Last week, Centra launched version 6 of its CentraOne content-creation and knowledge-management platform, which bundles Symposium and applications for Web conferencing, knowledge management, and content creation into one package for $6,000 a year for an individual ASP subscription to $77,500 for a 100-user license. "Increasingly, people are buying the single license," Chris Reed, VP of corporate strategy, says of the CentraOne 6.0 pricing model. Previously, customers had to purchase separate licenses for Centra applications; now they can buy one license and access various apps.

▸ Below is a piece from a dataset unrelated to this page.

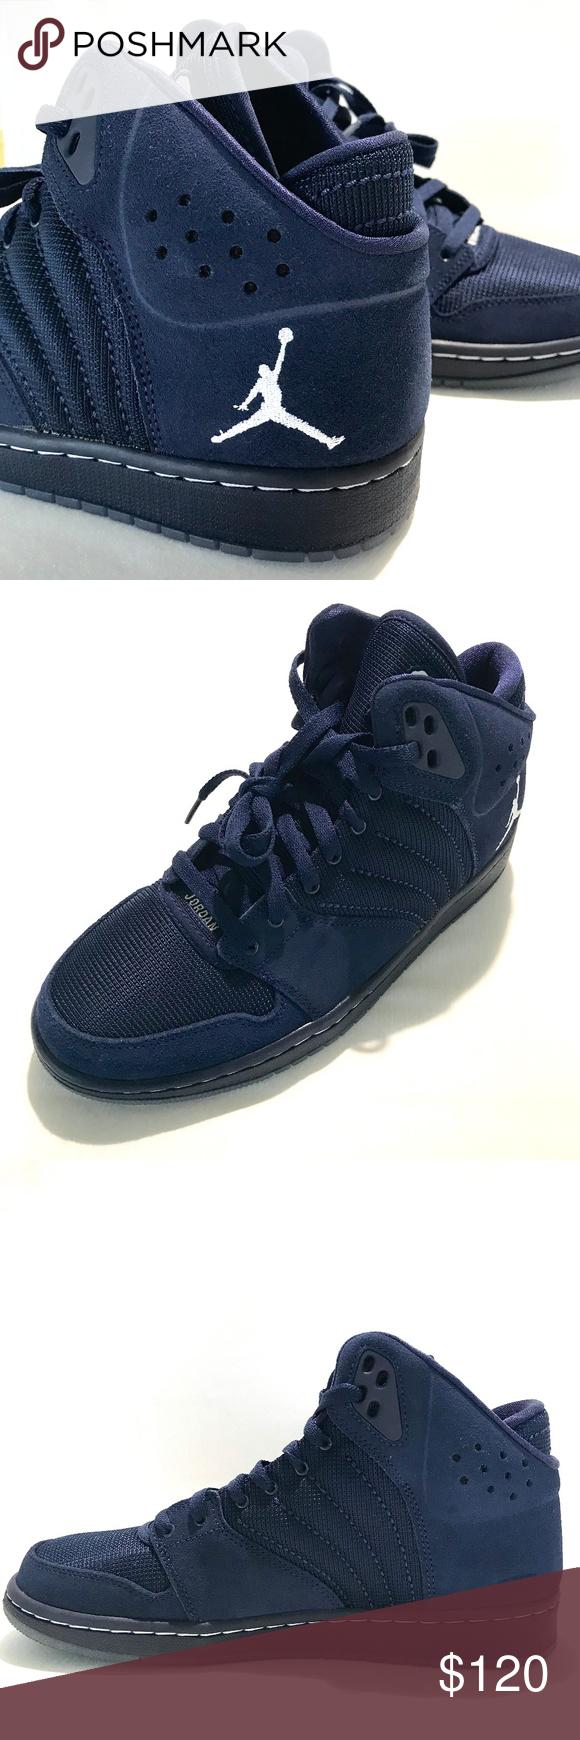 c7464423574c6c Jordan 1 Flight 4 Premium Athletic Shoes Size 8 BRAND NEW NIKE JORDAN 1  FLIGHT 4 PREMIUM MEN S ATHLETIC Suede SHOES NAVY BLUE SIZE 8 Jordan Shoes  Athletic ...
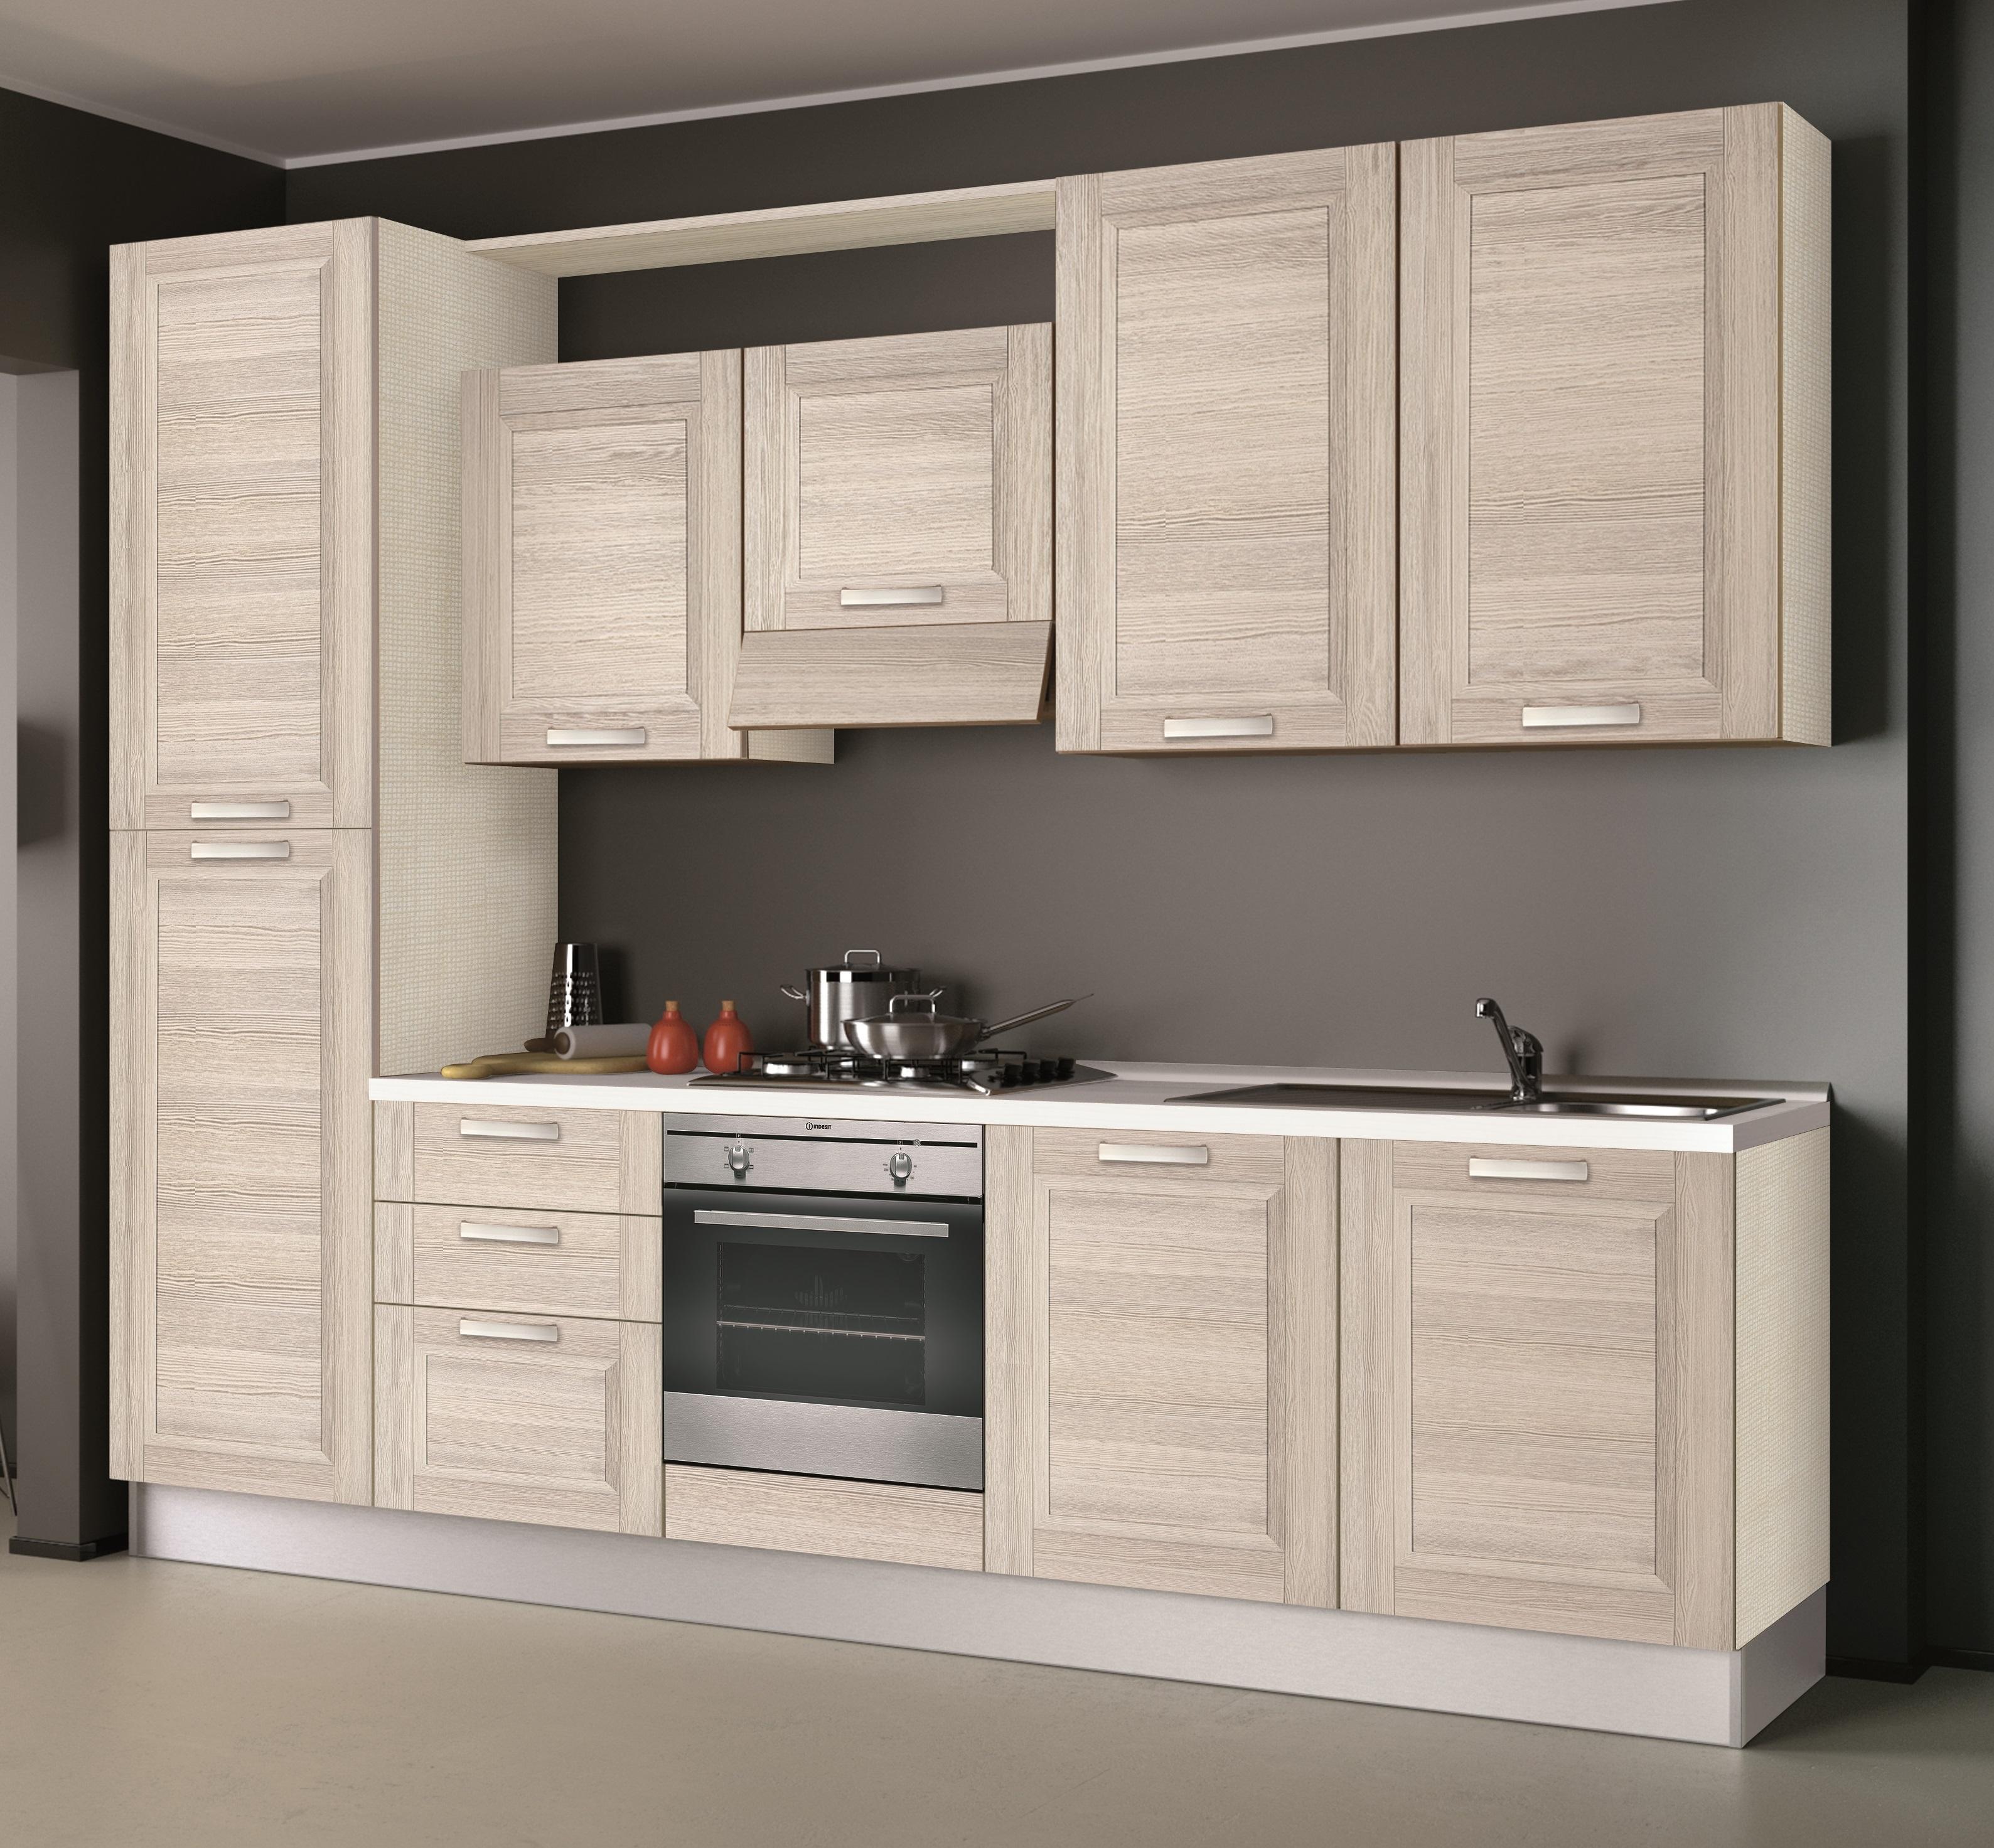 Cucine 3 Metri Lineari. Great Di Cucina Su Misura With Cucine 3 ...

BMW will use PowerPoint slides, discussion groups, and live question-and-answer periods in Symposium's virtual classroom app to keep employees engaged as they participate in business-ethics training via PCs. Business ethics is a hot topic because of federal probes into accounting problems at many large companies. Macdonald expects the ethics surveys to generate discussion among employees. A sample question: "If your department developed training on hazardous waste handling and your spouse wants to use this training method at his or her job, is it OK to let them use that program?"

If employees are unsure of the answer, BMW guides them to resources to help them make the best decisions and understand company rules. BMW of North America wants to have all of its 1,100 employees trained in business ethics by year's end. It's testing the training software with a small group of employees and will roll it out to all employees this fall.